SUPPLIED DATA:

::::::

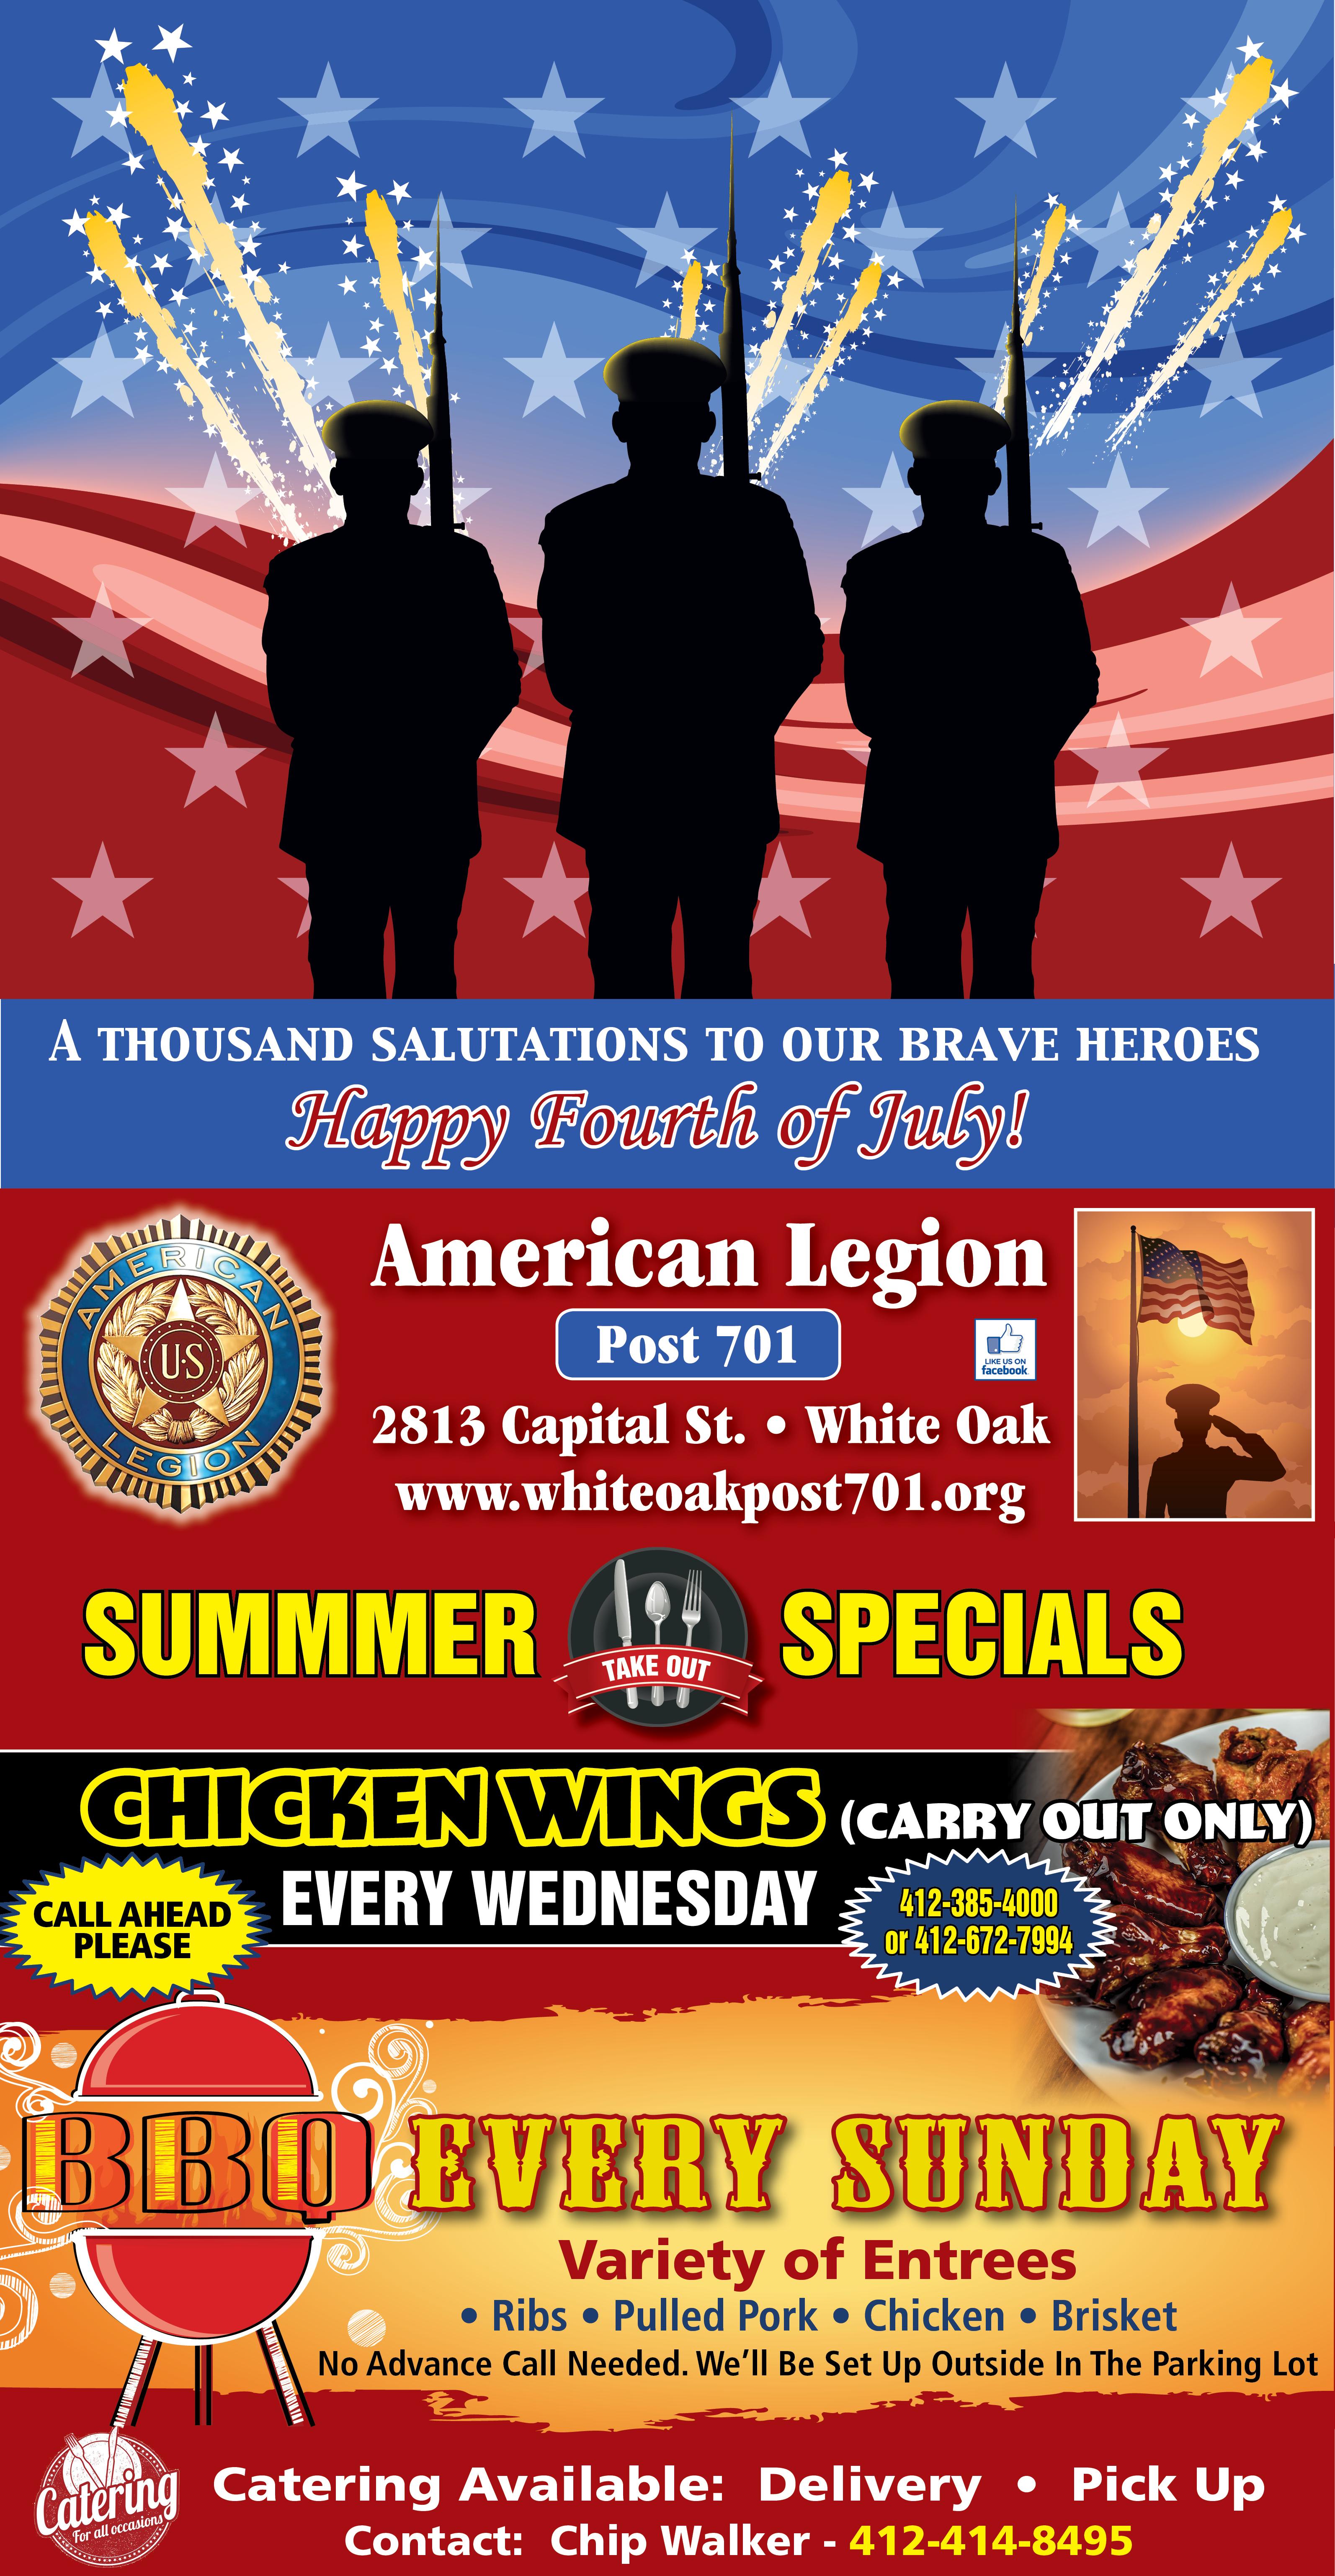 00040174_AmericanLegion_WhiteOak_July4th_6x20.50
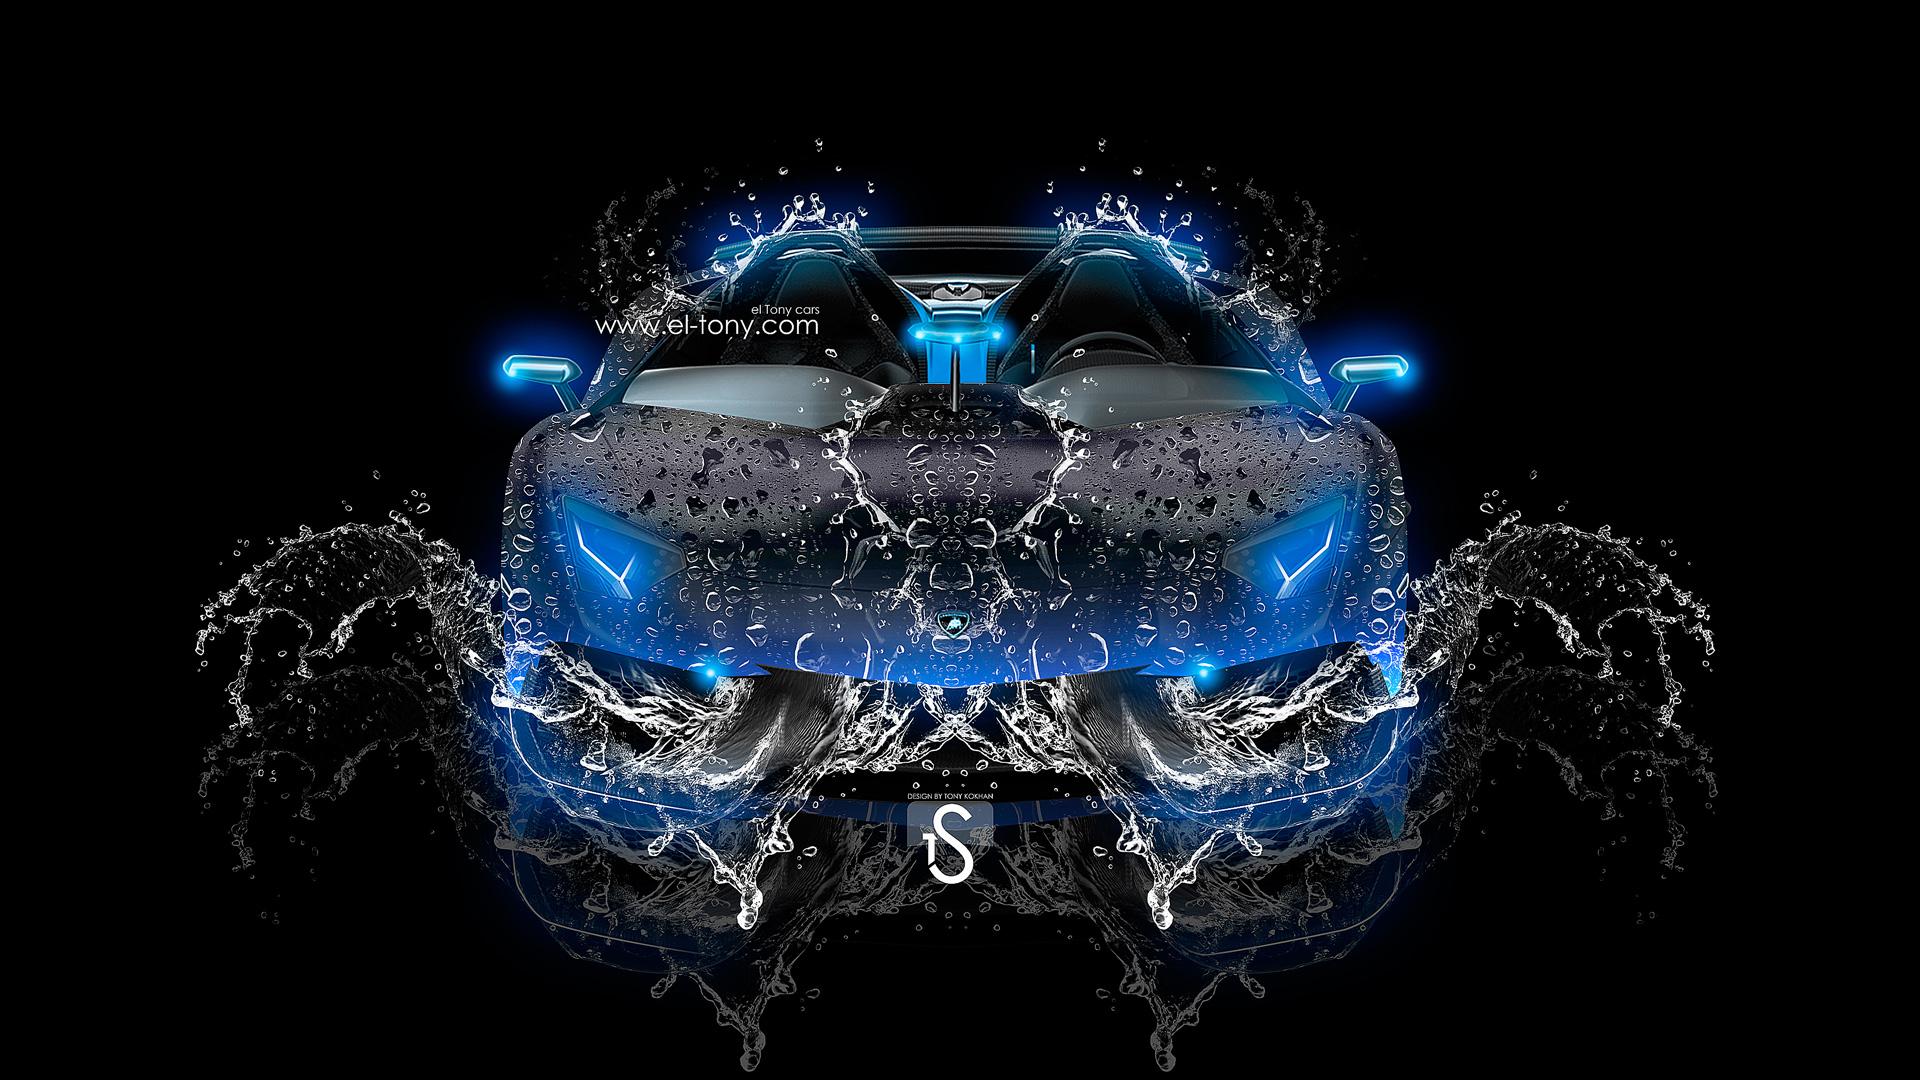 Car 2013 Blue Neon HD Wallpapers by Tony Kokhan [wwwel tonycom 1920x1080
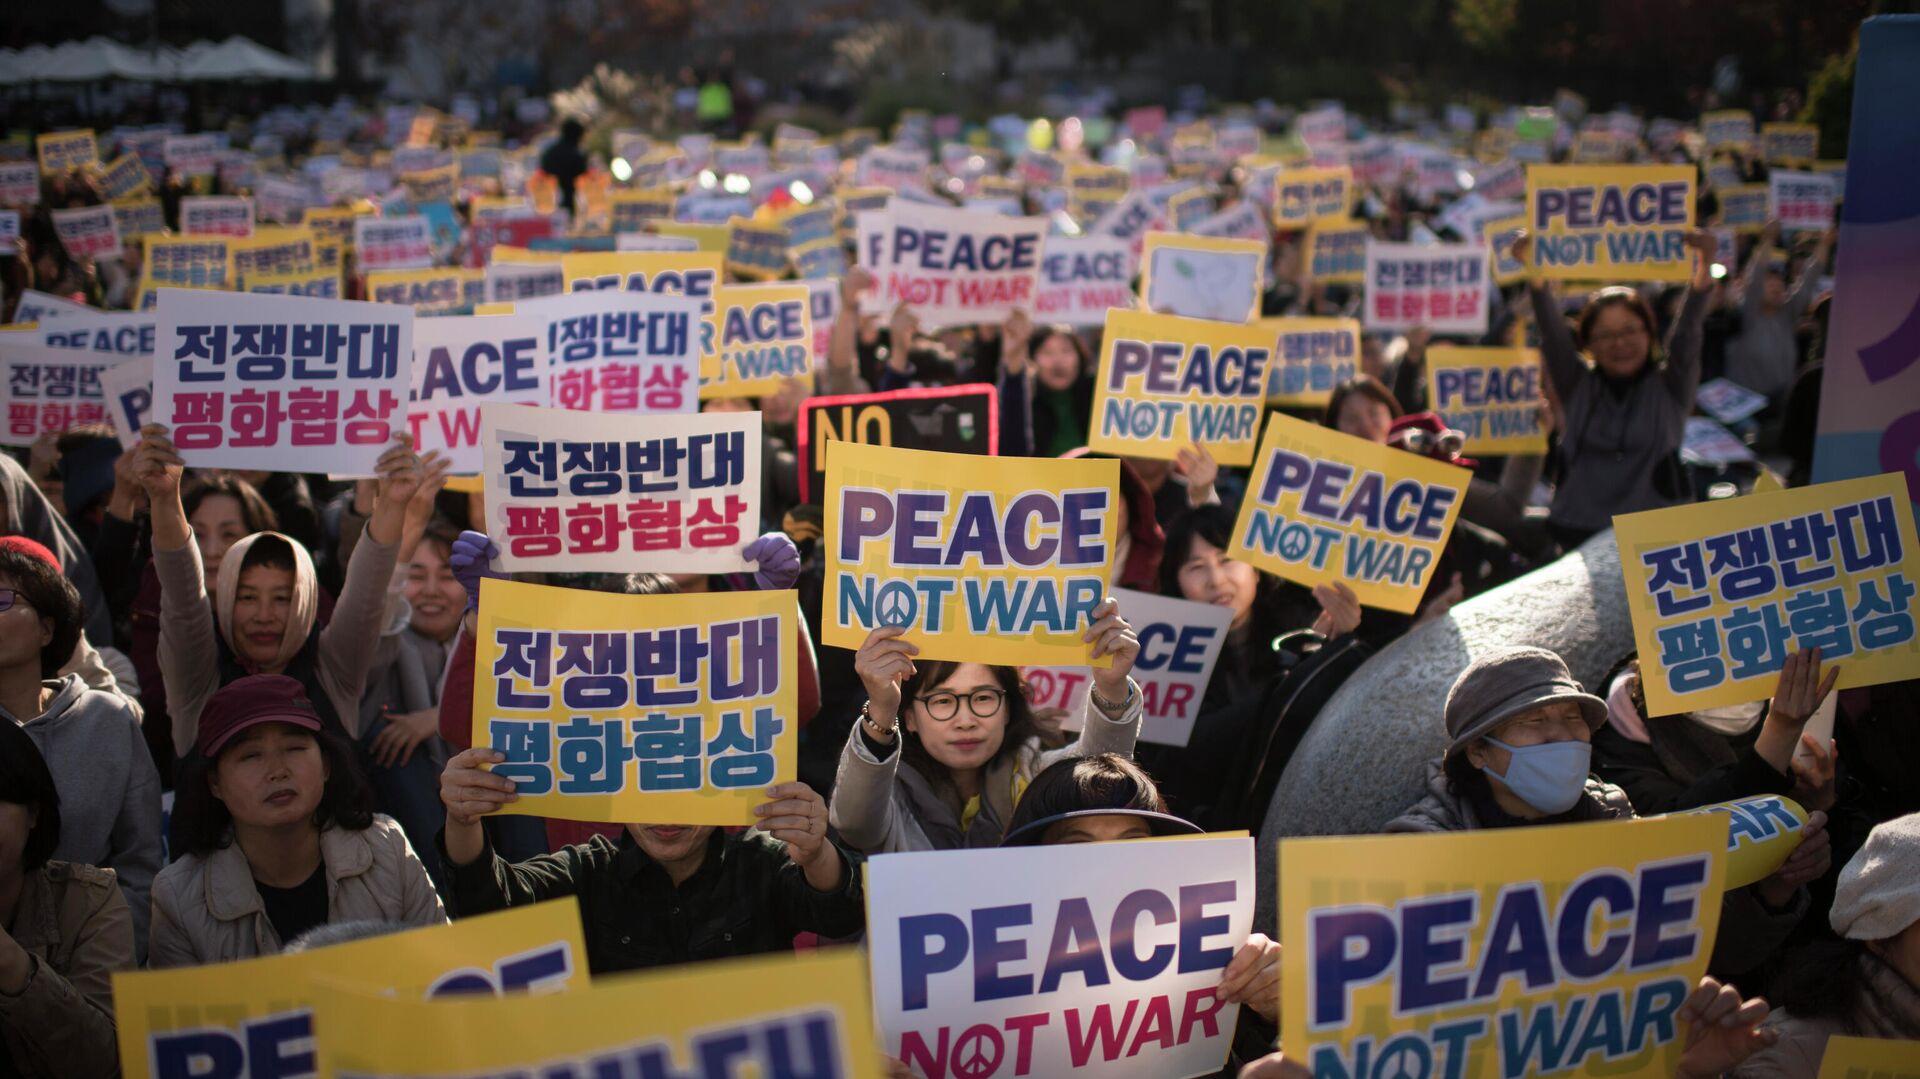 Demonstranten in Seoul fordern Regelung des Konflikts mit Nordkorea (Archivbild) - SNA, 1920, 17.12.2020

::::::

TASK TO COMPLETE:
Any picture in the material is to be left out, and everything else is to be retyped as is.

ANSWER SECTION:
 00040174_AmericanLegion_WhiteOak_July4th_6x20.50
 Car 2013 Blue Neon HD Wallpapers by Tony Kokhan [wwwel tonycom 1920x1080
 Demonstranten in Seoul fordern Regelung des Konflikts mit Nordkorea (Archivbild) - SNA, 1920, 17.12.2020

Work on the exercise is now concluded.